**DATA**
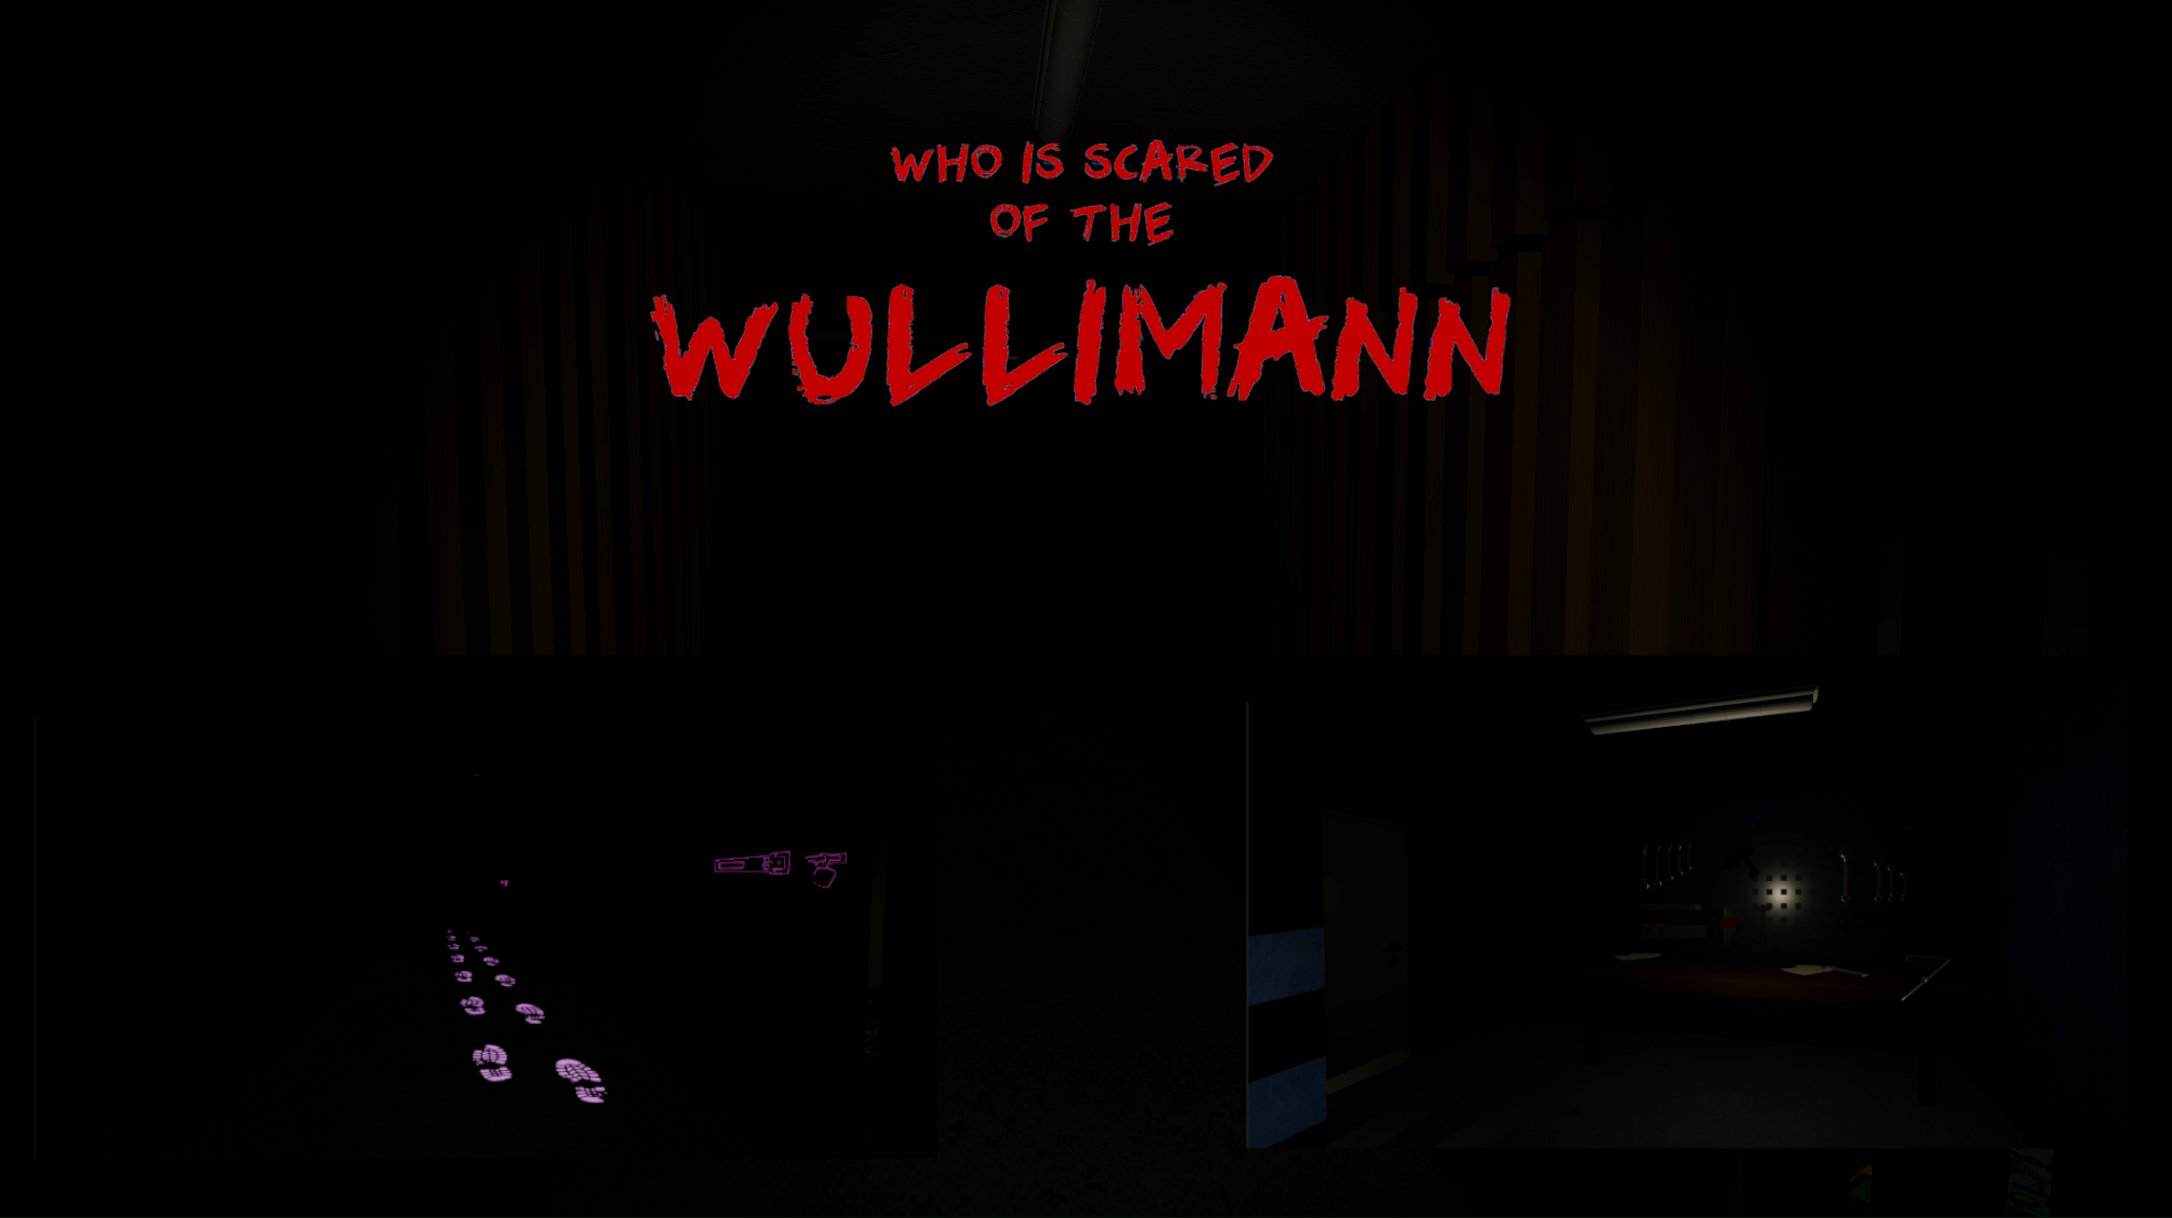 Who is scared of the Wullimann
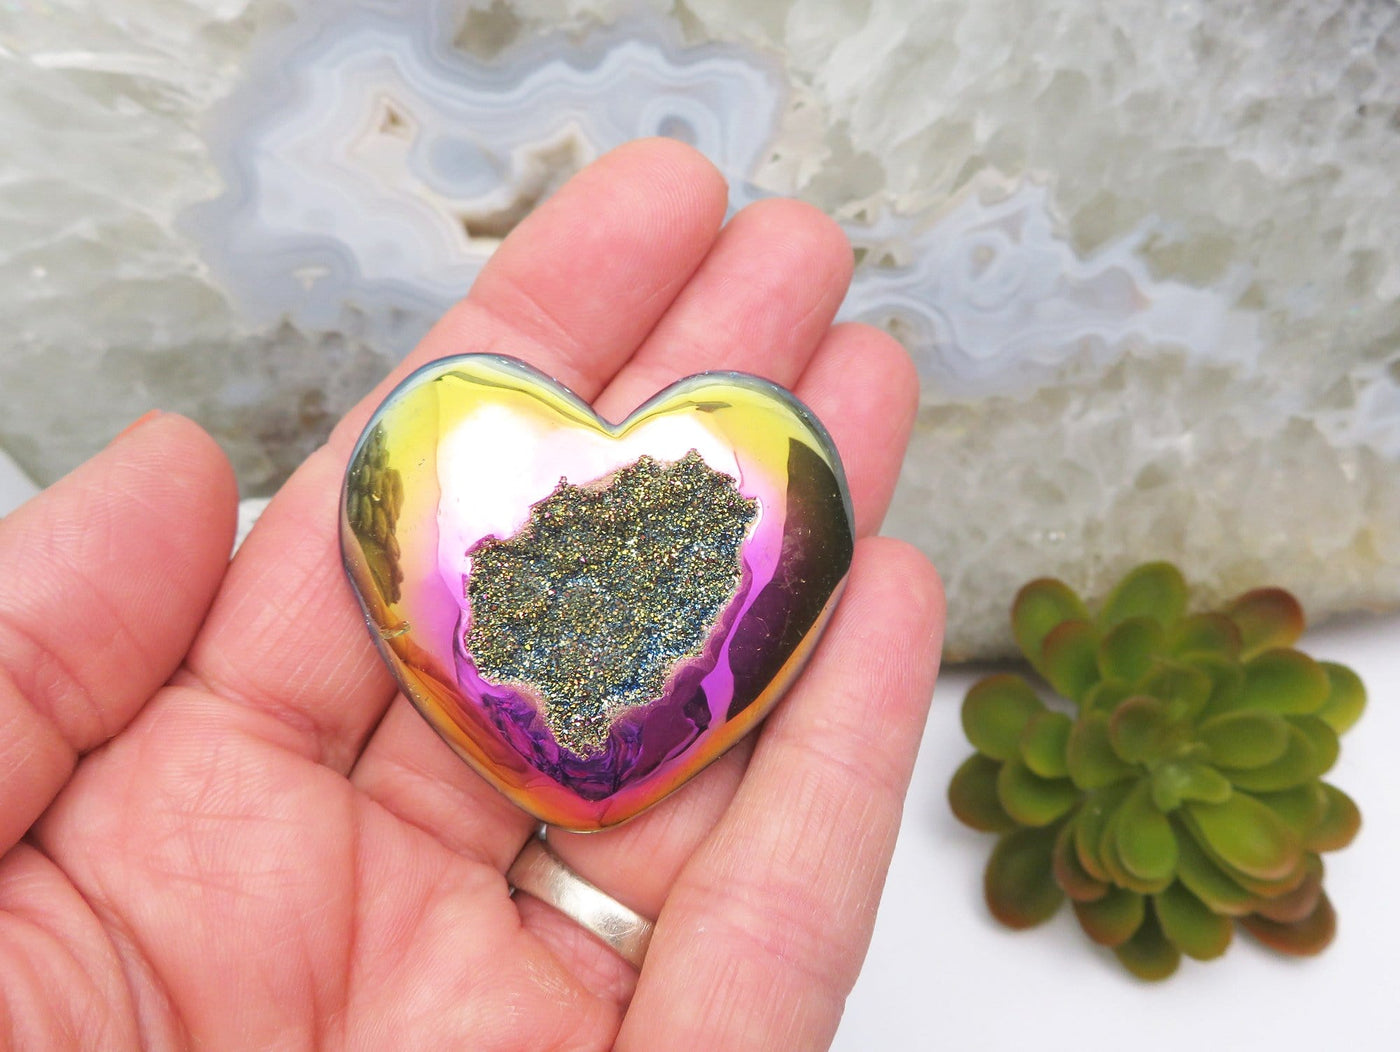 Titanium Druzy Hearts in rainbow in a hand for size reference
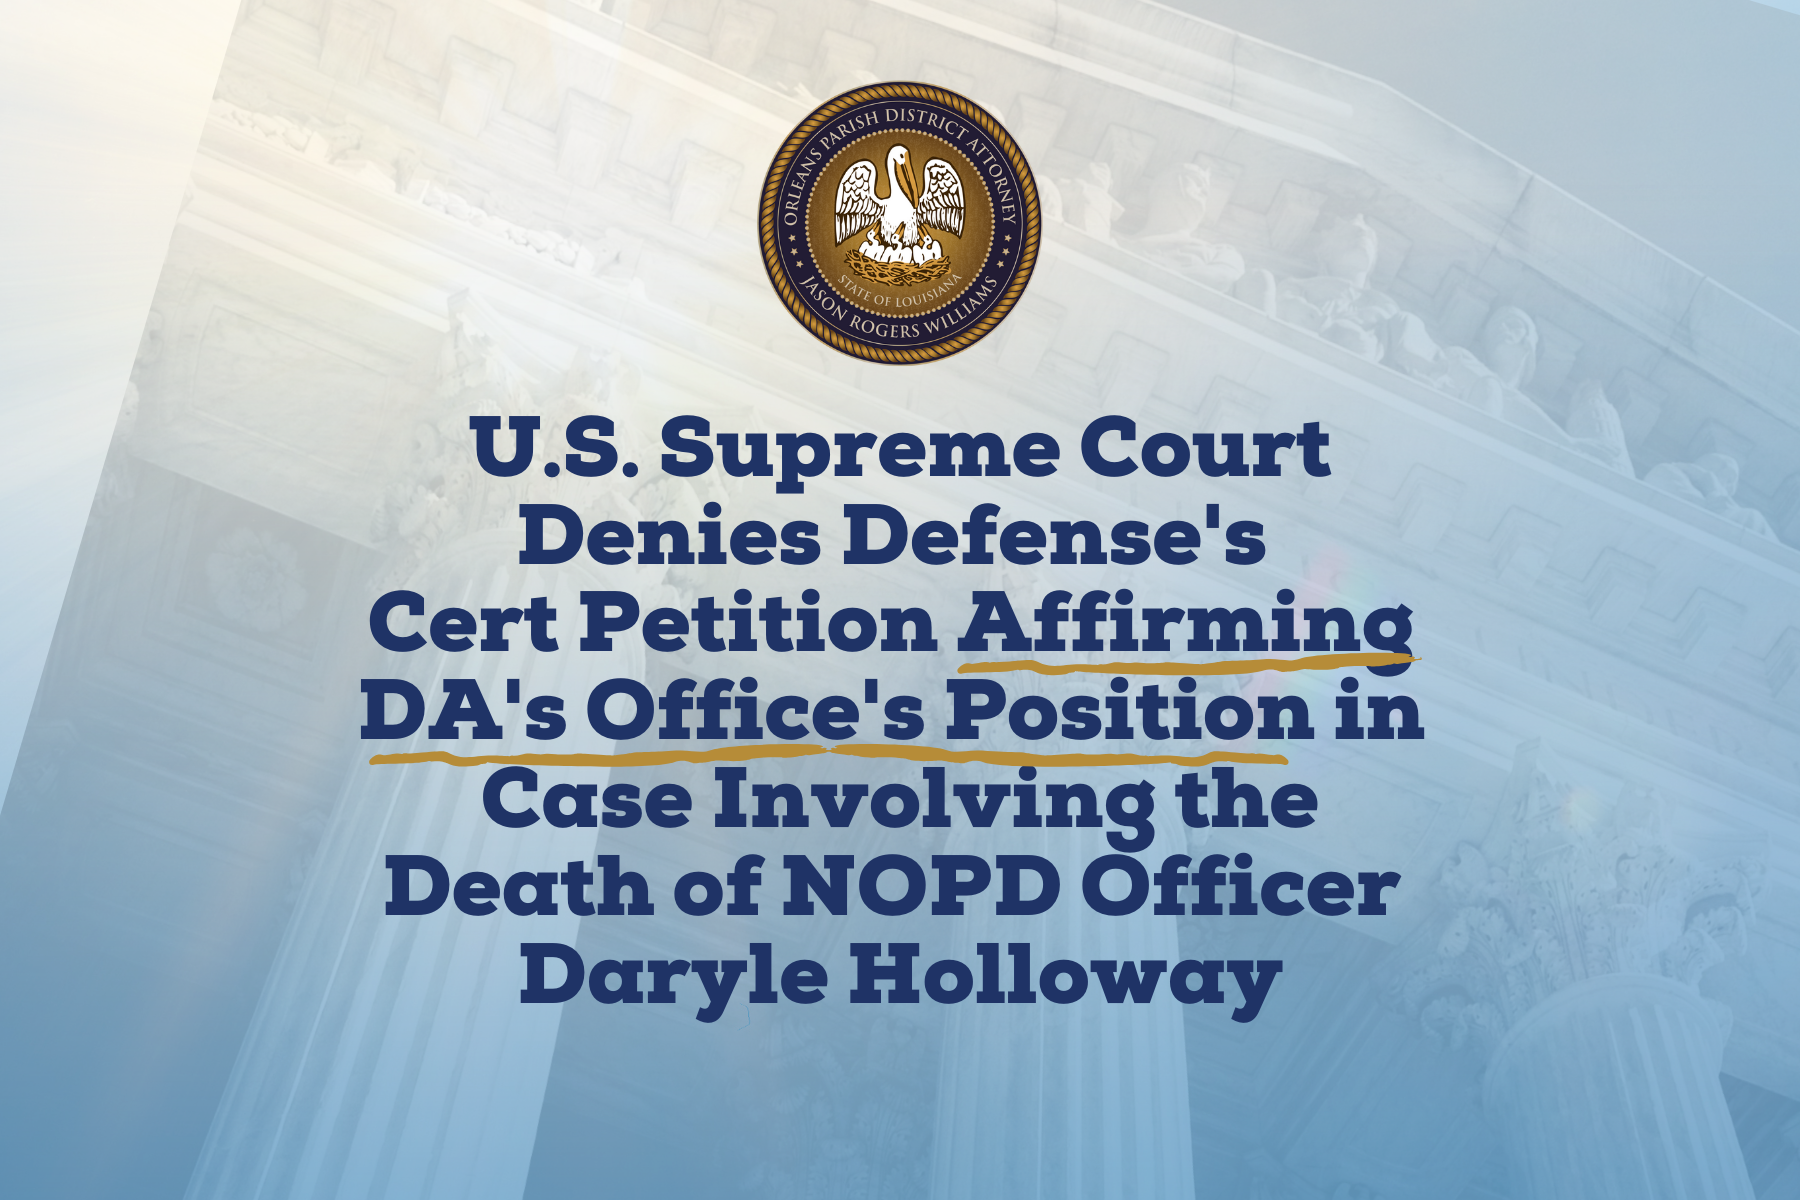 U.S. Supreme Court Denies Defense’s Cert Petition Affirming DA’s Office’s Position In Case Involving Death Of Officer Holloway

**WHAT THE TASK ASKS**
Please print the span that begins at the line holding "Titanium Druzy Hearts" and ends at the last line of the data, both ends included, with no pictures.

**PROBLEM SOLUTION**
 Titanium Druzy Hearts in rainbow in a hand for size reference
 U.S. Supreme Court Denies Defense’s Cert Petition Affirming DA’s Office’s Position In Case Involving Death Of Officer Holloway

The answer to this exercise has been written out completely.